What Angle Should You Aim the Launcher to Hit a Target 10 cm Above the Floor?

[Esoptron]

Homework Statement

Use your calculated muzzle velocity (v_0) to determine the angle at which you would need to aim your launcher, fired from floor level, in order for your marble to land on a platform 10 cm above the floor, a horizontal distance of 50 cm from the launcher.

Homework Equations

x_f = x_0 + v_0 t + (1/2) a_x t^2
y _f= y_0 + v_0 t + (1/2) a_y t^2

The Attempt at a Solution

y _f= y_0 + v_0 t + (1/2) a_y t^2
10=Δt(sinΘ ⋅ v_0 - 1/2 ⋅ g ⋅Δt)
10=sinΘ ⋅ v_0 - 4.905(Δt)

x = x_0 + v_0 t + (1/2) a_x t^2
50=Δt(cosΘ ⋅ v_0 + 1/2 ⋅ 0 ⋅ Δt)
50=cosΘ ⋅ v_0 + 0 ⋅ Δt

Leads to this system of equations

v_0 ⋅ sinΘ - 4.905(Δt) - 10=0
v_0 ⋅ cosΘ + 0(Δt) - 50=0

- I don't know what the muzzle velocity is yet (This is prep for an upcoming lab) but I know that it is a constant and is the same for both equations so I'm leaving it as v_0.
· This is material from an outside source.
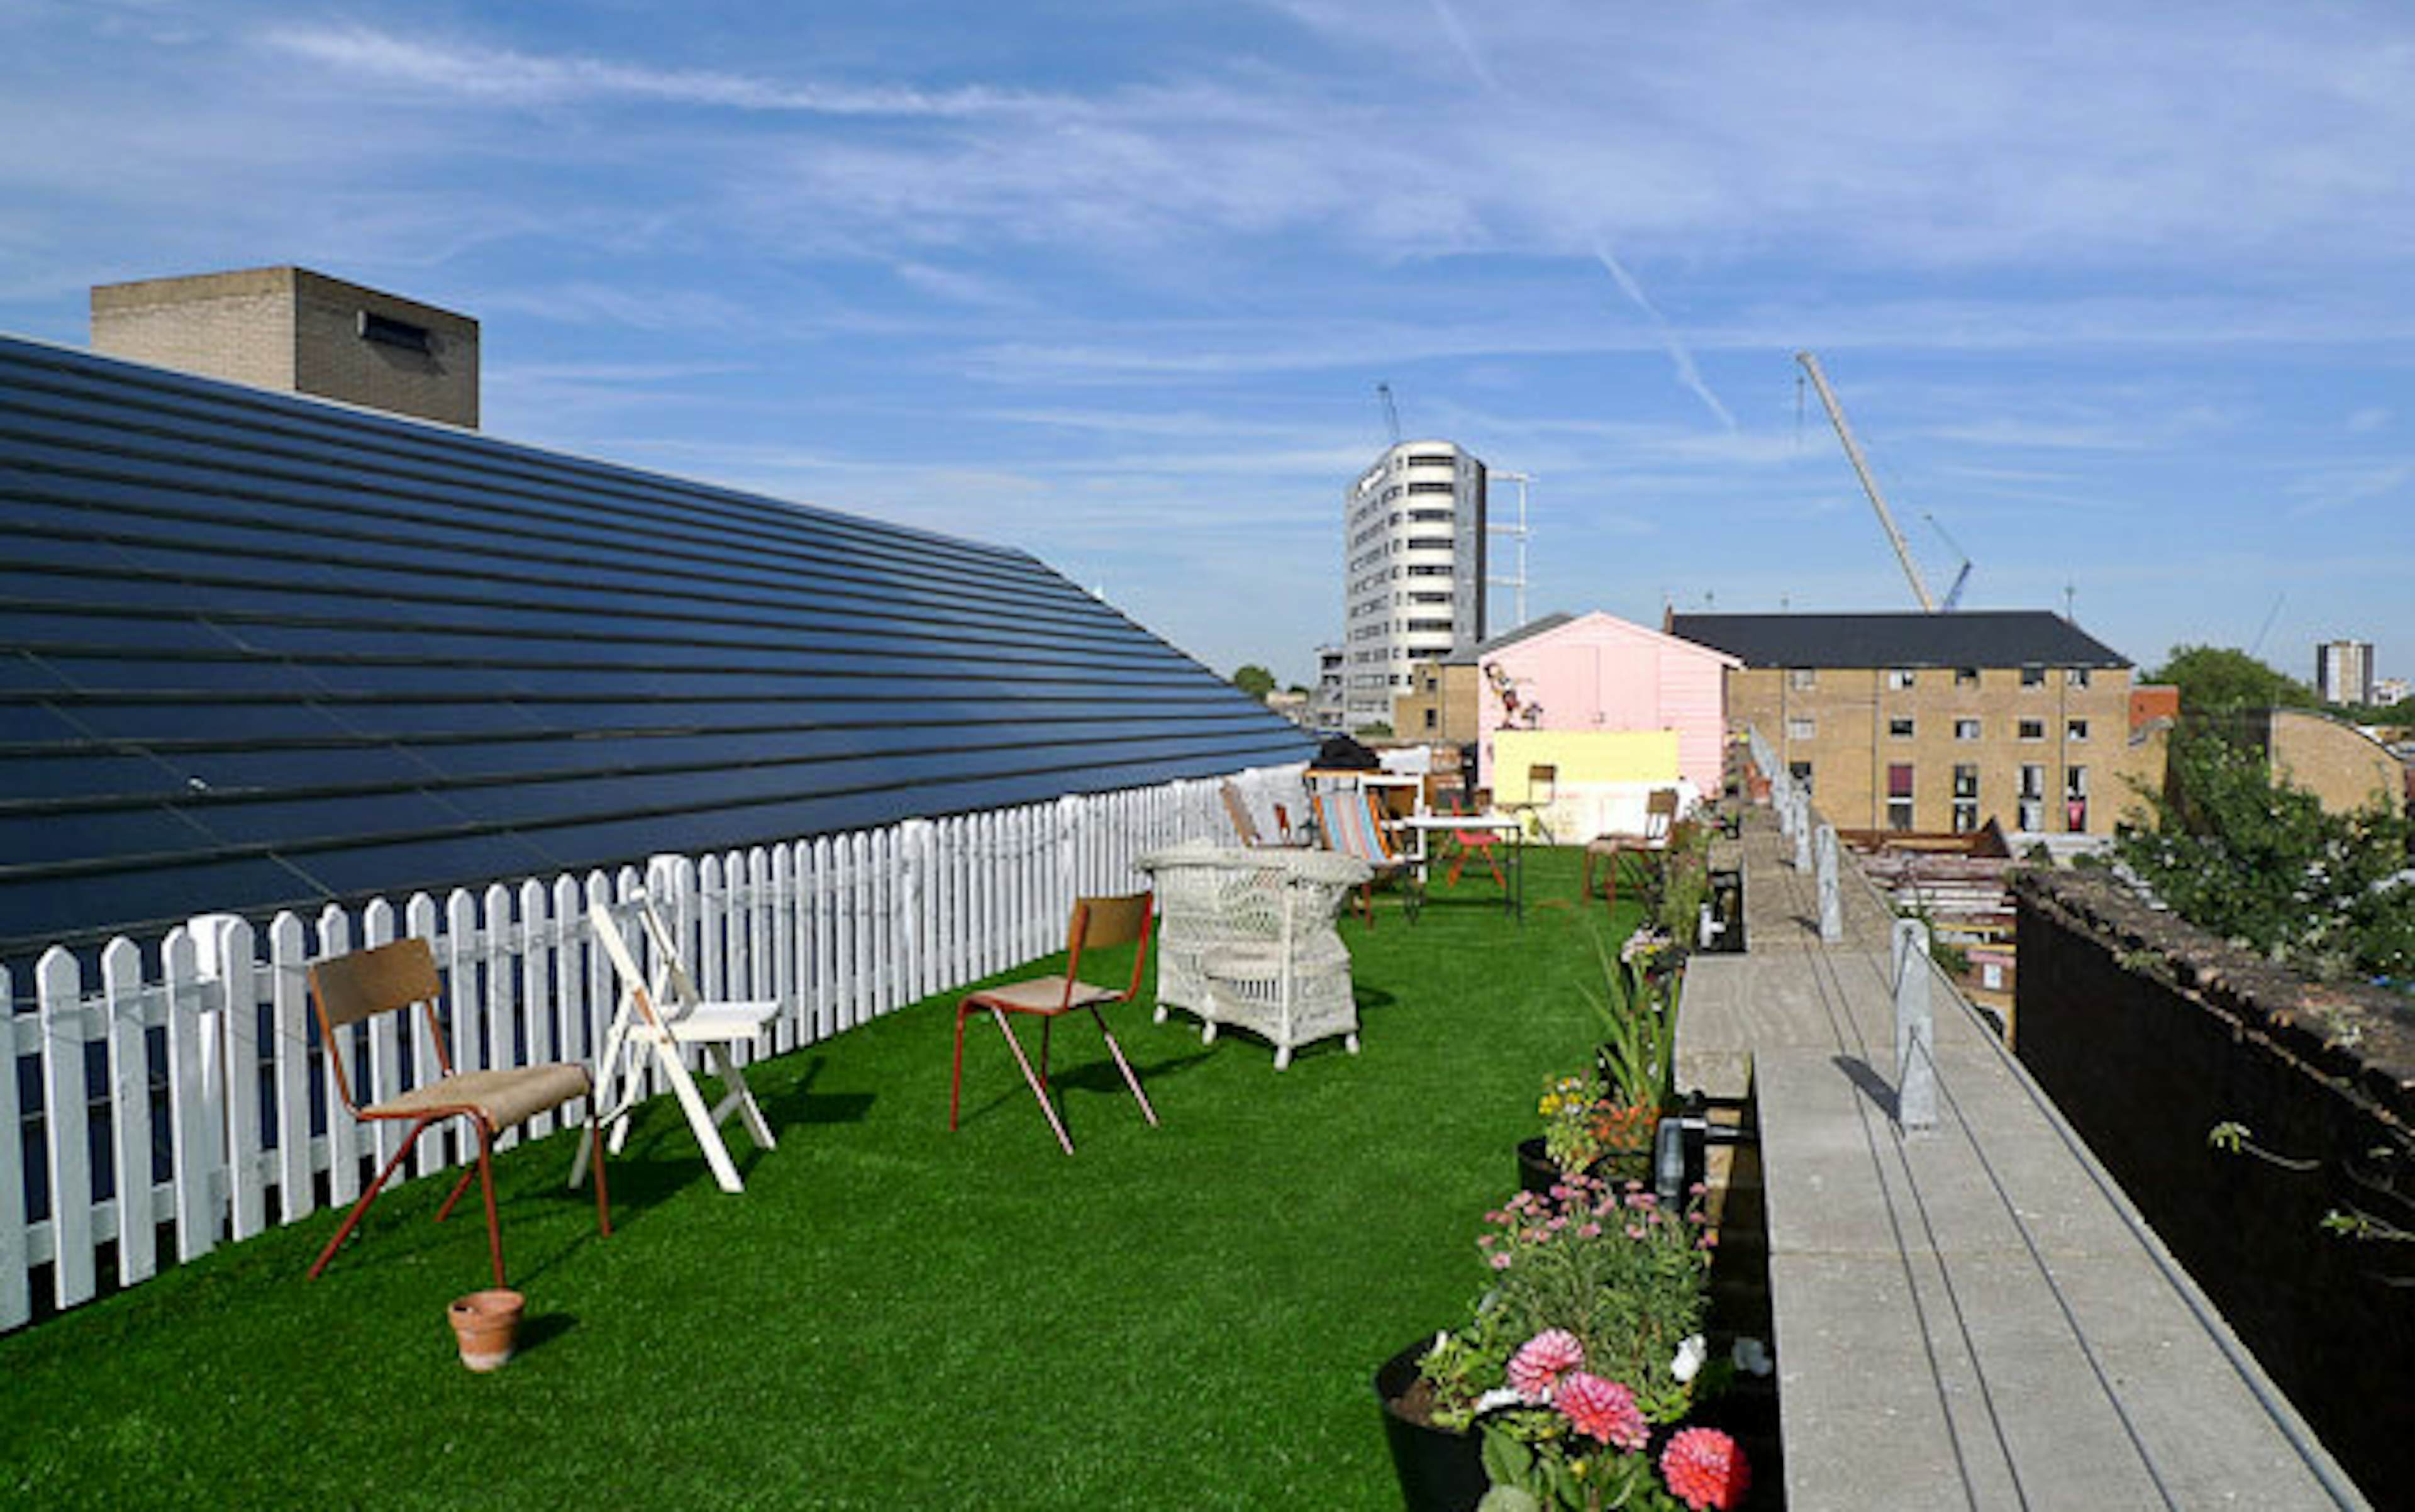 In Pictures: The Dalston Roof Park ...

- Looking at my final system of equations above, is it possible to get rid of Δt or express it in terms of constants, get theta by itself on the other side of the equal sign, and use that during the lab to see where the two equations would intersect to find an angle that would satisfy the question?

 

[Simon Bridge]

Looking at my final system of equations above, is it possible to get rid of Δt or express it in terms of constants, get theta by itself on the other side of the equal sign, and use that during the lab to see where the two equations would intersect to find an angle that would satisfy the question?
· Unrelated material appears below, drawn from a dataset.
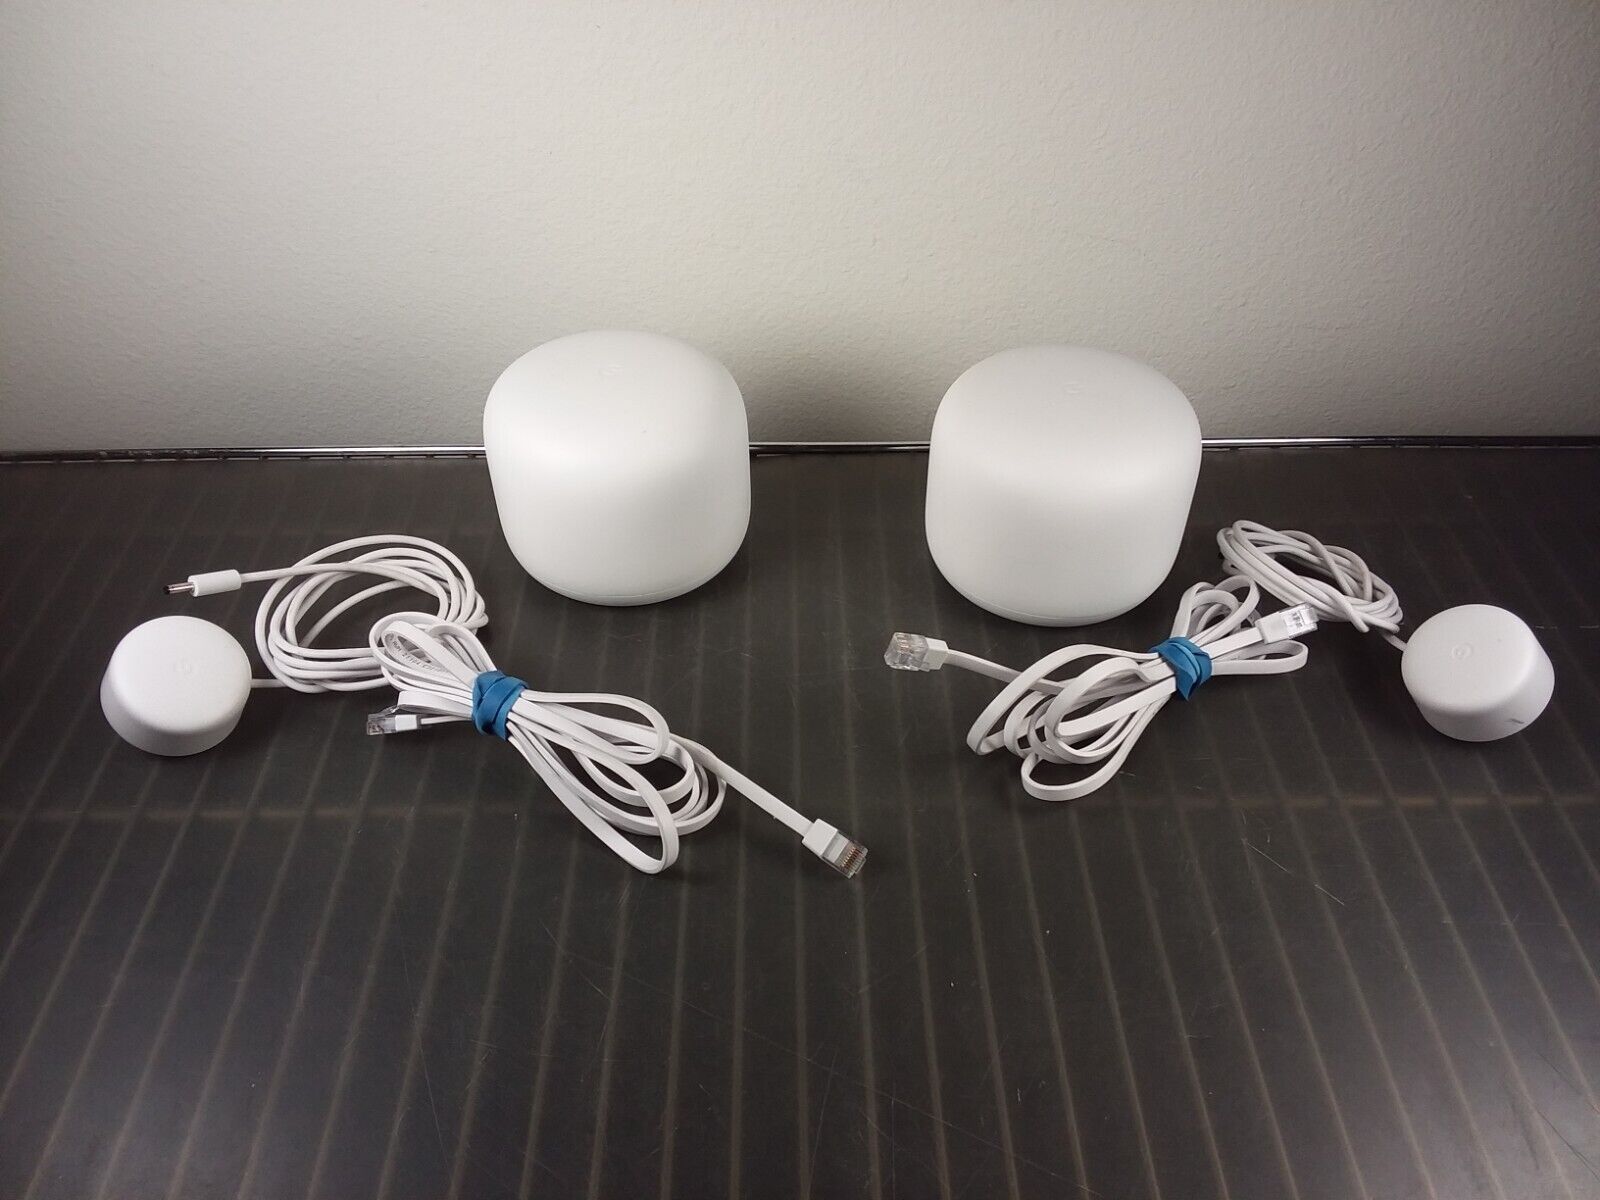 Pair(2) of Google Nest Wi-Fi Routers A4R-H2D With Power supplies and cables.

Yes. How would you normally solve simultaneous equations?

 

[quantumtimeleap]

Hi there!

Don't get scared of being a little creative and putting algebra to your advantage! :) Here's a hint: for the two equations put the trigonometric term (## \sin(\theta) ## or ## \cos(\theta) ## ) on one side and the rest on the other side. Now divide the two equations. You should get ## \tan(\theta) = ## something. Now that's an easy step away from the answer you're looking for! ^^

 

[Simon Bridge]

Here's a hint: for the two equations put the trigonometric term (sin(θ) or cos(θ) ) on one side and the rest on the other side. Now divide the two equations. You should get tan(θ)= something.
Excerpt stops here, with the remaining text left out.